Running the Model

The model runs from the command line/terminal/console. You specify the model executable name (HAIL-CAESAR.exe) followed by the path name to the parameter file and the parameter file itself. The model will print out updates to the terminal window regularly, keeping you updated to the stage it is at and if there are any errors. The DEM of your catchment must be present in the same folder as your parameter file and must be correctly formatted.

You need a minimum of three input files:

  1. Parameter file
  2. DEM file of your catchment (currently only ASCII format is supported, sorry .bil/flt fans!)
  3. Rainfall time series text file (There is currently no option to generate rainfall within the model, but this is coming soon)

Your input files (DEM etc, parameter file) can be in any folder you like, as the path to the input files is specified in the parameter file. This means the executable file can be kept separate, once it has been compiled.

The model is run like so:

./HAIL-CAESAR.exe [PATH-TO-FOLDER-WITH-INPUT-FILES] ParameterFile.txt

As you can see, the executable takes two arguments, the first is the path where your parameter file and input files can be found, the second is the name of your parameter file. Note that the names of the input DEM and rainfall file are specified in the parameter file.

When the model runs, it will print to screen the parameters that have been read from the parameter file, for a sanity check. The debug version prints a lot of other information to screen, to help find bugs and errors. I suggest turning this off and running with the optimised version unless you are trying to trace a bug. The program will update you at certain stages of the data ingestion process. (This usually only takes a few seconds). When the model runs, a counter displays the number of elapsed minutes in model-time. (There is an option to turn this off in the parameter file - set debug_print_cycle_on to no.

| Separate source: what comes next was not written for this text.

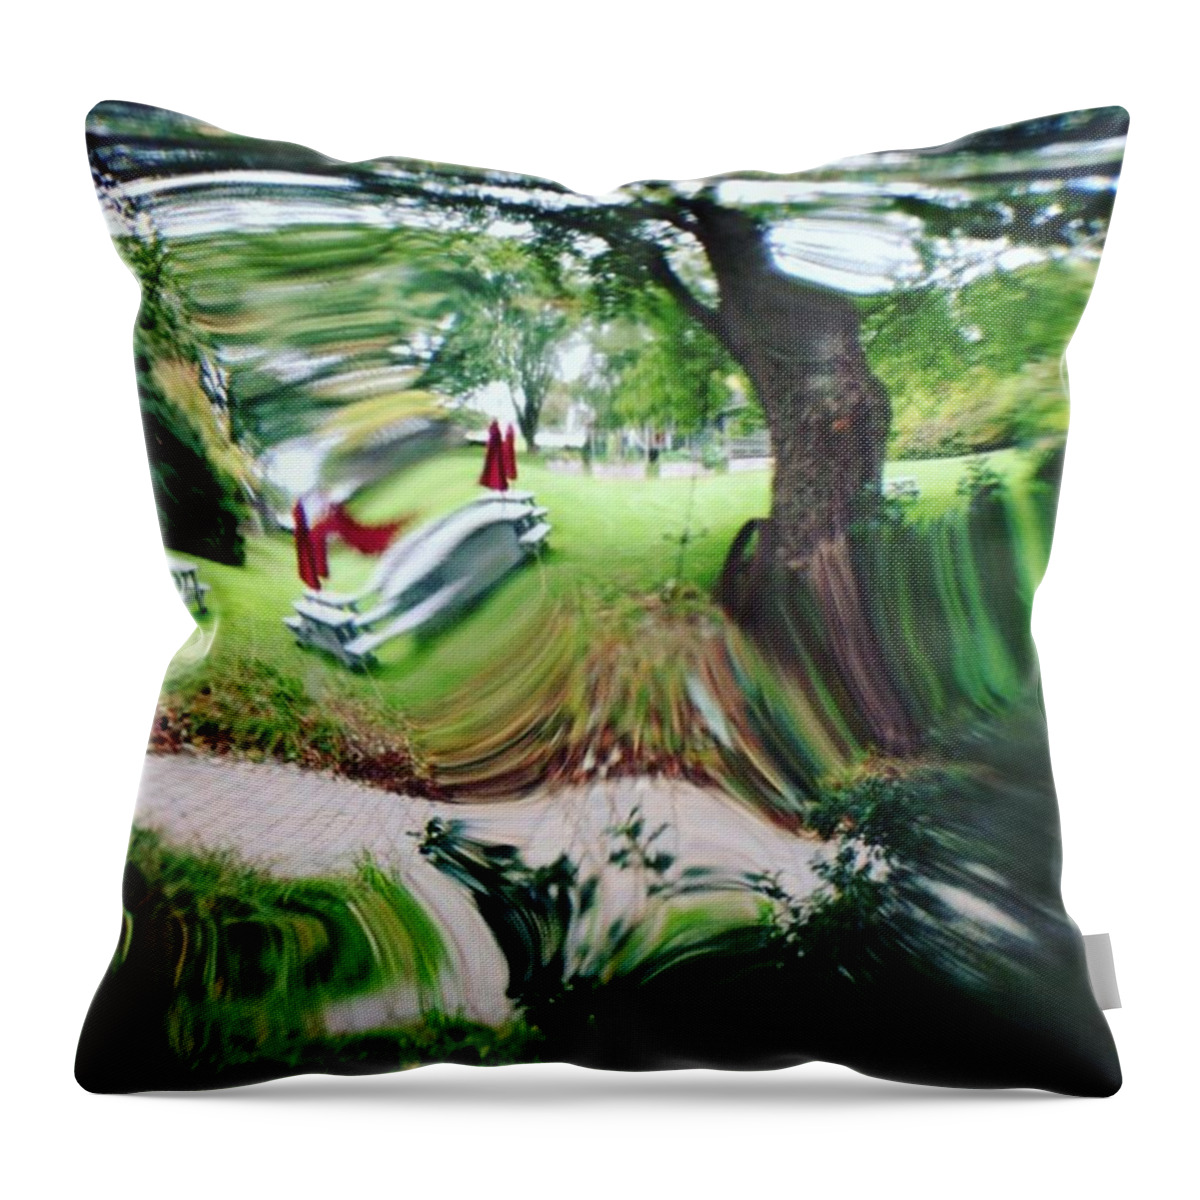 East Coast Throw Pillow featuring the photograph Through The Looking Glass by Kate Arsenault

The model also prints out when it is writing output raster files, such as water depths, elevation difference etc. These files are outputted to the directory specified in the parameter file.

Outputs

HAIL-CAESAR generates similar outputs to CAESAR-Lisflood, i.e. a timeseries text file of the water discharge, and sediment fluxes; as well as raster files for water depths, elevations, erosion amounts, and so on. These can be outputted at an interval specified in the parameter file. Output files can be saved in ascii (.asc) form only currently.

DEM preparation

Important

You will need to check your DEM is correctly formatted before use. LSDCatchmentModel has specific requirements about DEM layout.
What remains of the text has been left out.